BACKGROUND: Cerebrospinal fluid (CSF) amyloid-beta (Aß) peptides are predictive biomarkers for Alzheimer's disease and are proposed as pharmacodynamic markers for amyloid-lowering therapies. However, frequent sampling results in fluctuating CSF Aß levels that have a tendency to increase compared with baseline. The impact of sampling frequency, volume, catheterization procedure, and ibuprofen pretreatment on CSF Aß levels using continuous sampling over 36 h was assessed. METHODS: In this open-label biomarker study, healthy participants (n = 18; either sex, age 55-85 years) were randomized into one of three cohorts (n = 6/cohort; high-frequency sampling). In all cohorts except cohort 2 (sampling started 6 h post catheterization), sampling through lumbar catheterization started immediately post catheterization. Cohort 3 received ibuprofen (800 mg) before catheterization. Following interim data review, an additional cohort 4 (n = 6) with an optimized sampling scheme (low-frequency and lower volume) was included. CSF Aß(1-37), Aß(1-38), Aß(1-40), and Aß(1-42) levels were analyzed. RESULTS: Increases and fluctuations in mean CSF Aß levels occurred in cohorts 1-3 at times of high-frequency sampling. Some outliers were observed (cohorts 2 and 3) with an extreme pronunciation of this effect. Cohort 4 demonstrated minimal fluctuation of CSF Aß both on a group and an individual level. Intersubject variability in CSF Aß profiles over time was observed in all cohorts. CONCLUSIONS: CSF Aß level fluctuation upon catheterization primarily depends on the sampling frequency and volume, but not on the catheterization procedure or inflammatory reaction. An optimized low-frequency sampling protocol minimizes or eliminates fluctuation of CSF Aß levels, which will improve the capability of accurately measuring the pharmacodynamic read-out for amyloid-lowering therapies. TRIAL REGISTRATION: ClinicalTrials.gov NCT01436188 . Registered 15 September 2011.

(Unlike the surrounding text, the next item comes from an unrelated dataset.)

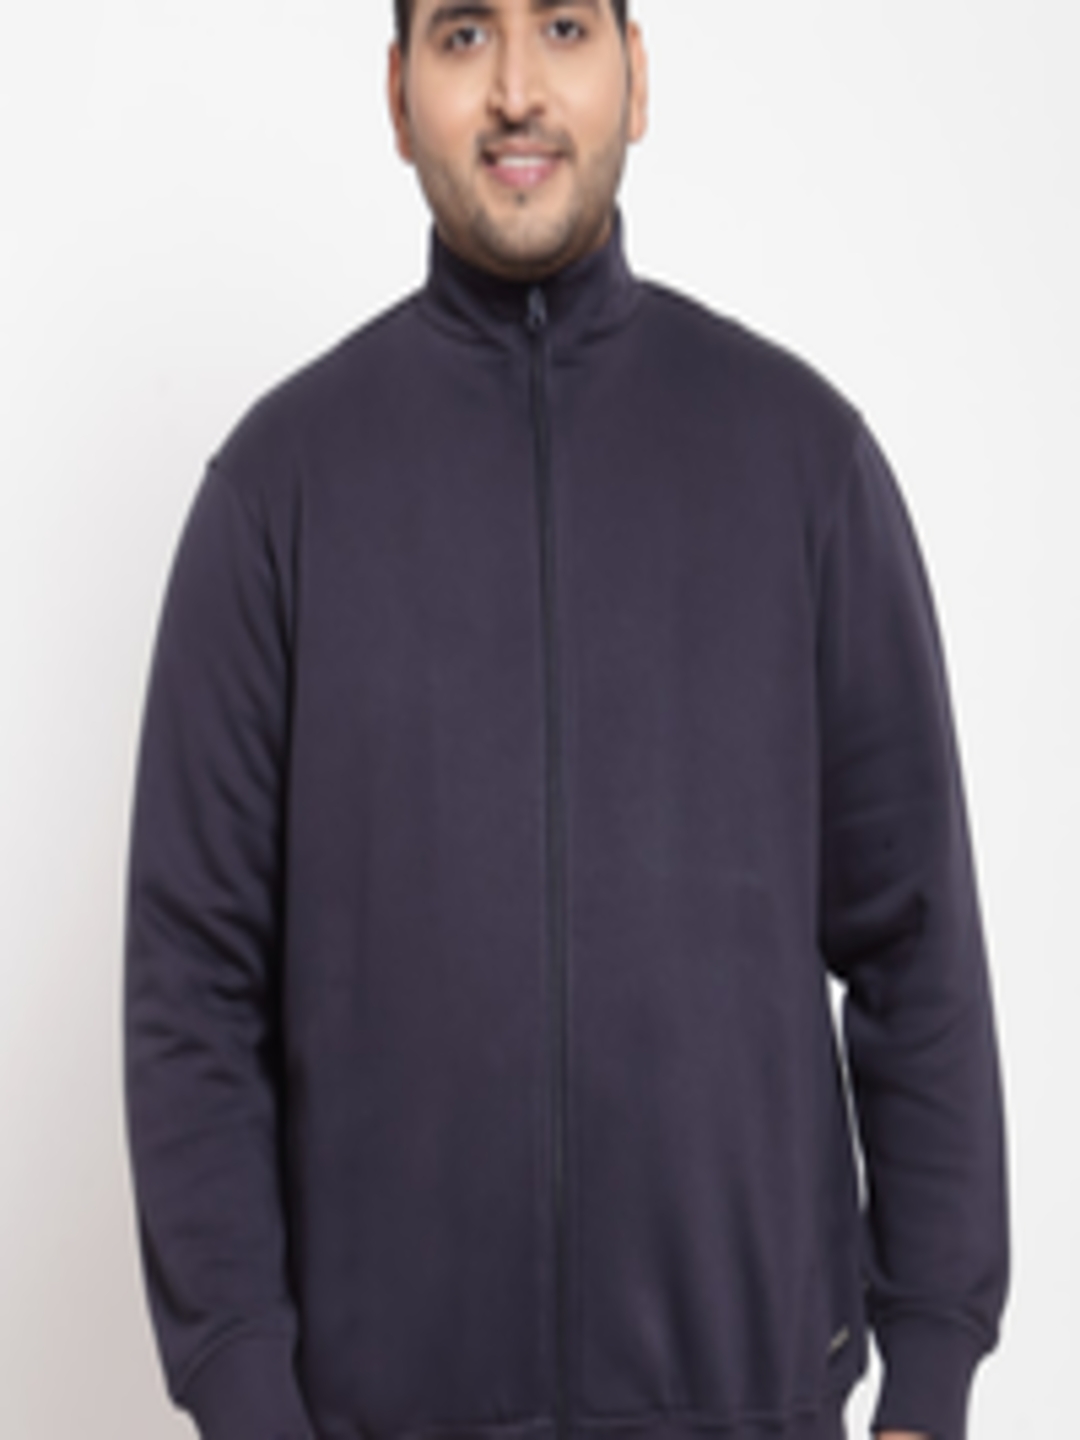 Buy PlusS Men Navy Blue Sweatshirt - Sweatshirts for Men 15933694 | Myntra

Profiling the dynamics of CSF and plasma Aß reduction after treatment with JNJ-54861911, a potent oral BACE inhibitor.

OBJECTIVES: Safety, tolerability, pharmacokinetics, and pharmacodynamics of a novel ß-site amyloid precursor protein cleaving enzyme 1 (BACE1) inhibitor, JNJ-54861911, were assessed after single and multiple dosing in healthy participants. METHODS: Two randomized, placebo-controlled, double-blind studies were performed using single and multiple ascending JNJ-54861911 doses (up to 14 days) in young and elderly healthy participants. Regular blood samples and frequent CSF samples, up to 36 hours after last dose, were collected to assess the pharmacokinetic and pharmacodynamic (Aß, sAPPα,ß,total levels) profiles of JNJ-54861911. RESULTS: JNJ-54861911 was well-tolerated, adverse events were uncommon and unrelated to JNJ-54861911. JNJ-54861911 showed dose-proportional CSF and plasma pharmacokinetic profiles. Plasma- and CSF-Aß and CSF-sAPPß were reduced in a dose-dependent manner. Aß reductions (up to 95%) outlasted exposure to JNJ-54861911. APOE ε4 carrier status and baseline Aß levels did not influence Aß/sAPPß reductions. CONCLUSION: JNJ-54861911, a potent brain-penetrant BACE1 inhibitor, achieved high and stable Aß reductions after single and multiple dosing in healthy participants.